精子や卵子といった配偶子をつくる「配偶子形成(配偶子発生)」の過程では、DNA修復に関わる多くの遺伝子が、ふだん以上に強く働いたり、特別なかたちで活動したりします。つまり、体はDNAを生殖細胞に「梱包」しているだけではなく、その正確さを保つために積極的に働いているのです。

DNAには子孫の性質を形づくるための遺伝情報が書き込まれています。このDNAが傷つくと、ゲノムの「完全性」が脅かされます。ゲノムの完全性とは、遺伝情報の全体が正確で傷みのない状態に保たれていることを指します。

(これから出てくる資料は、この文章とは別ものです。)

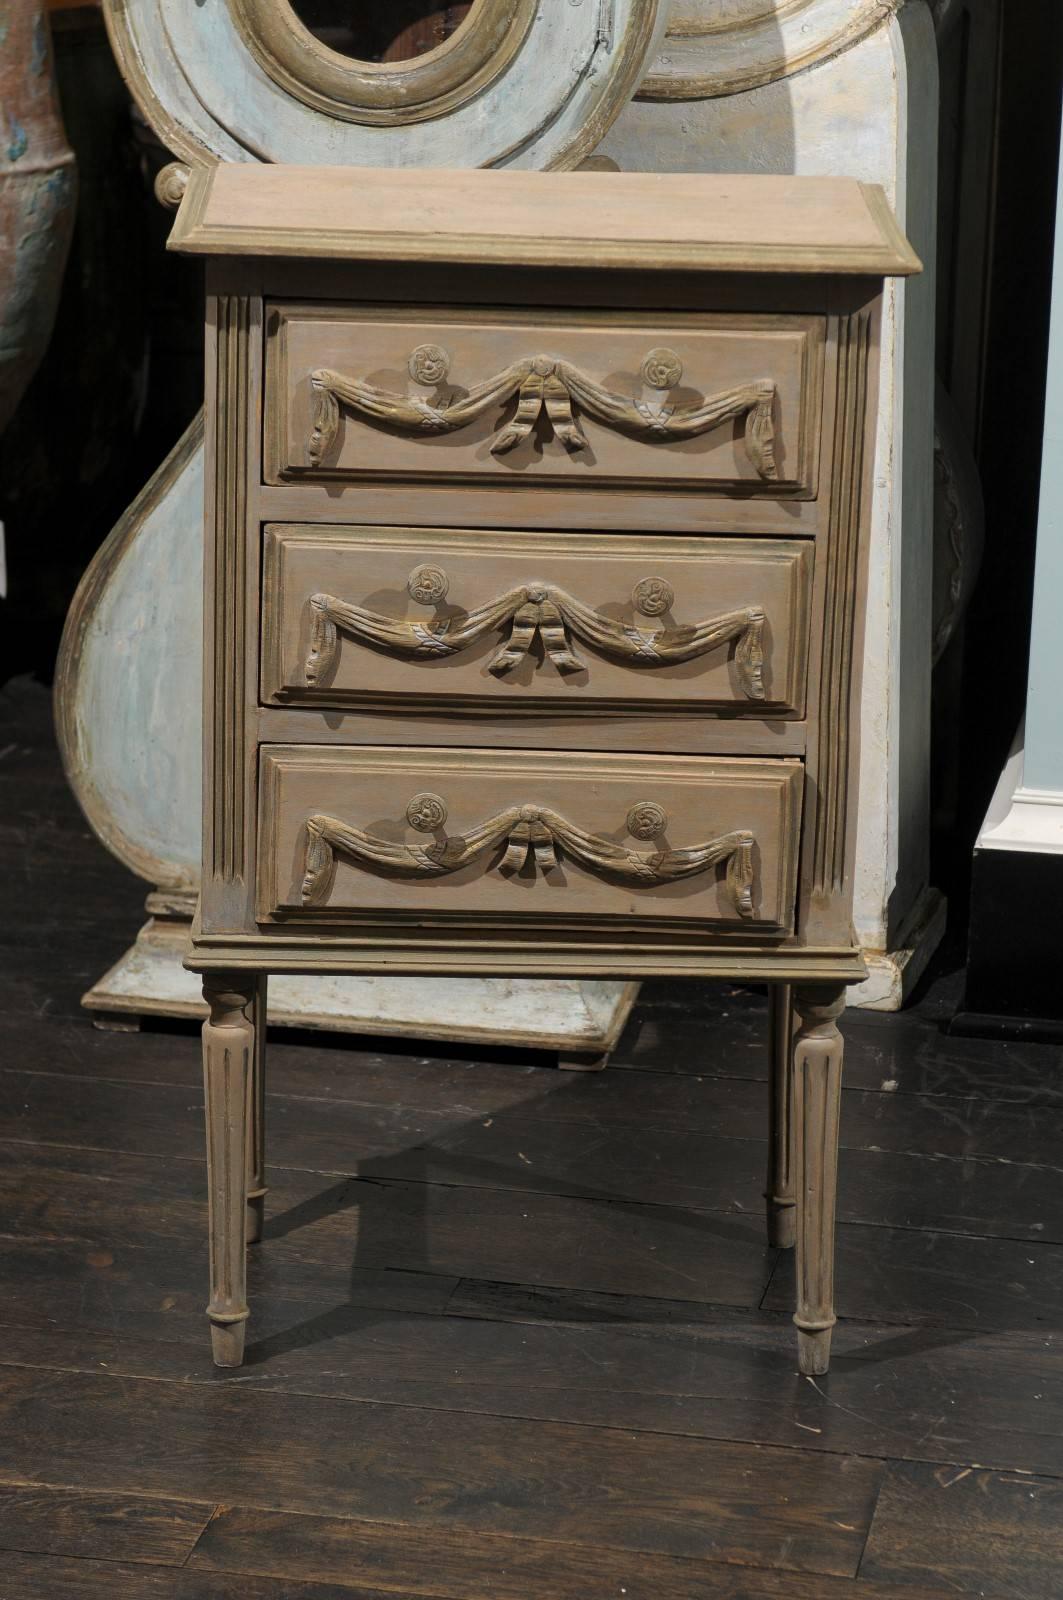 A French small size three-drawer painted wood commode. This little chest from the 1970s features nicely carved swag motifs on each drawer. This piece sits upon slender fluted legs. This three-drawer chest would work really well against a small wall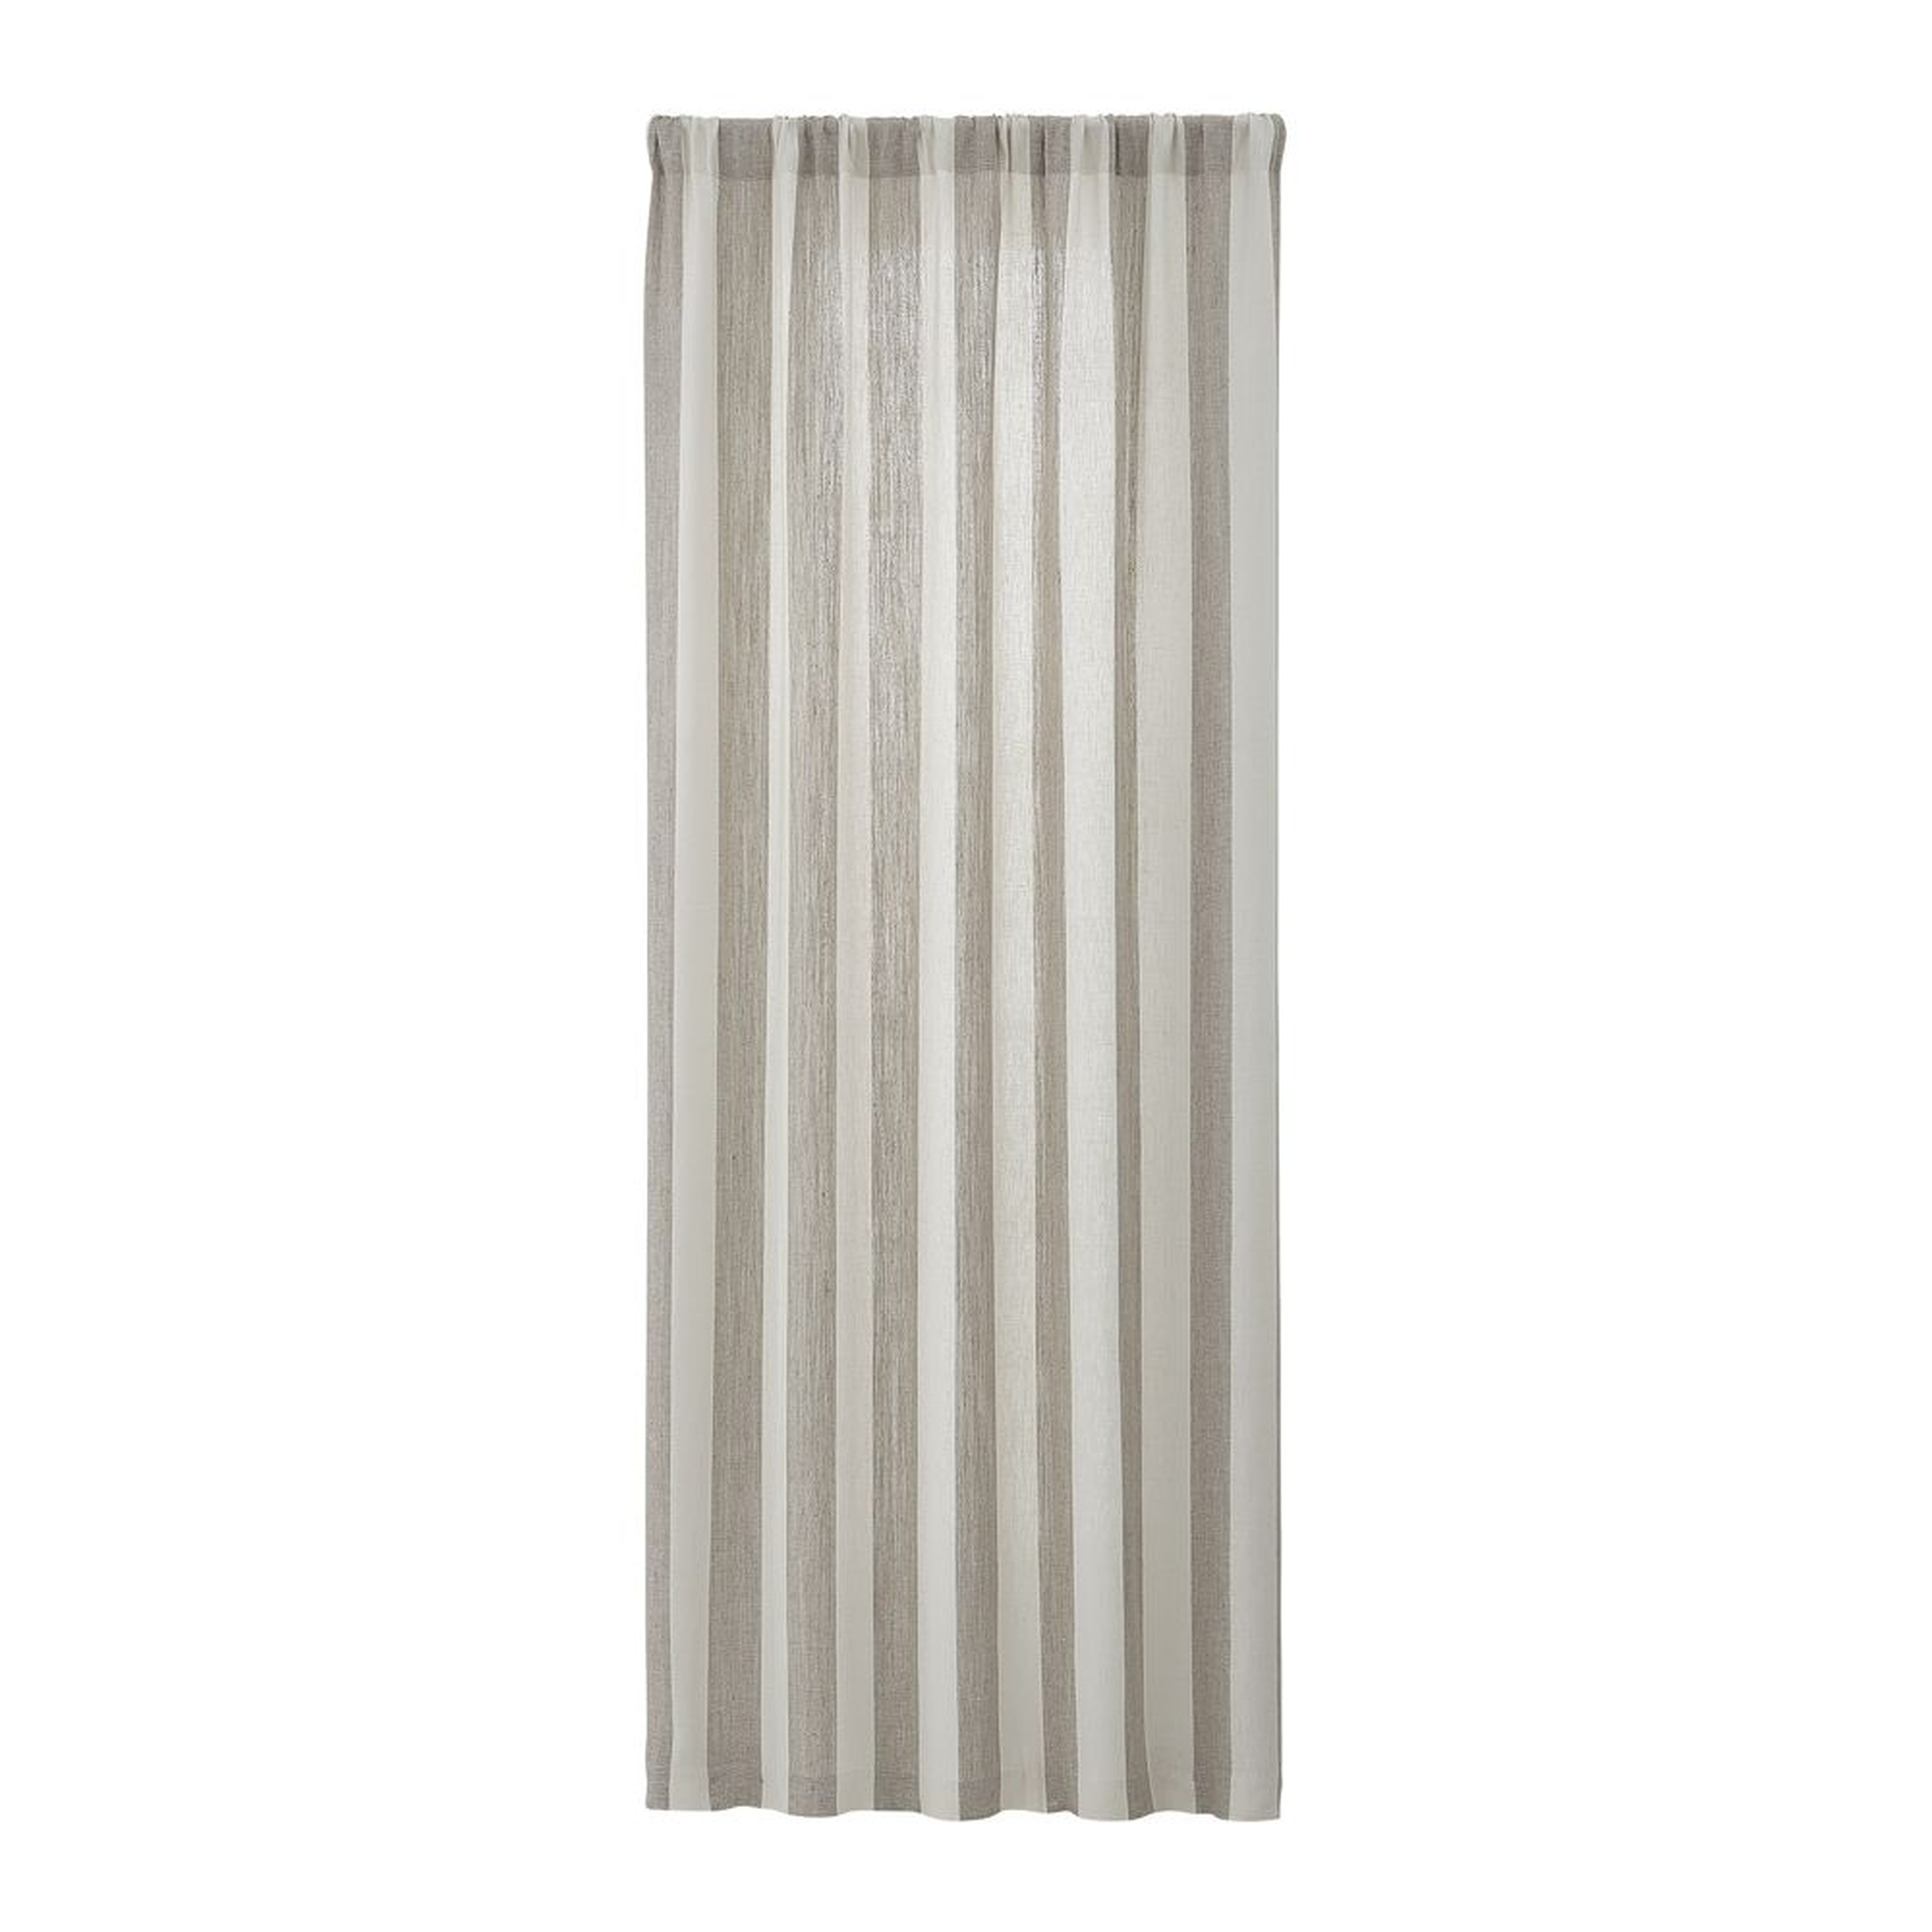 Willis Natural Taupe Curtain Panel 48x96 - Crate and Barrel

これは、有性生殖においてとくに重要です。有性生殖では、配偶子と呼ばれる2種類の特殊な生殖細胞が出会い、受精卵(接合子)をつくります。配偶子は、体細胞(ふつうの体の細胞)がもつ染色体数の半分しかありません。配偶子は「減数分裂」と呼ばれる特殊な細胞分裂によってつくられます。

配偶子は、遺伝子を子孫に受け渡す細胞ですから、そのDNAを守ることはきわめて重要です。哺乳類では、配偶子形成のあいだに起こるDNA修復が、将来生まれてくる子孫の健康を守るのに役立っています。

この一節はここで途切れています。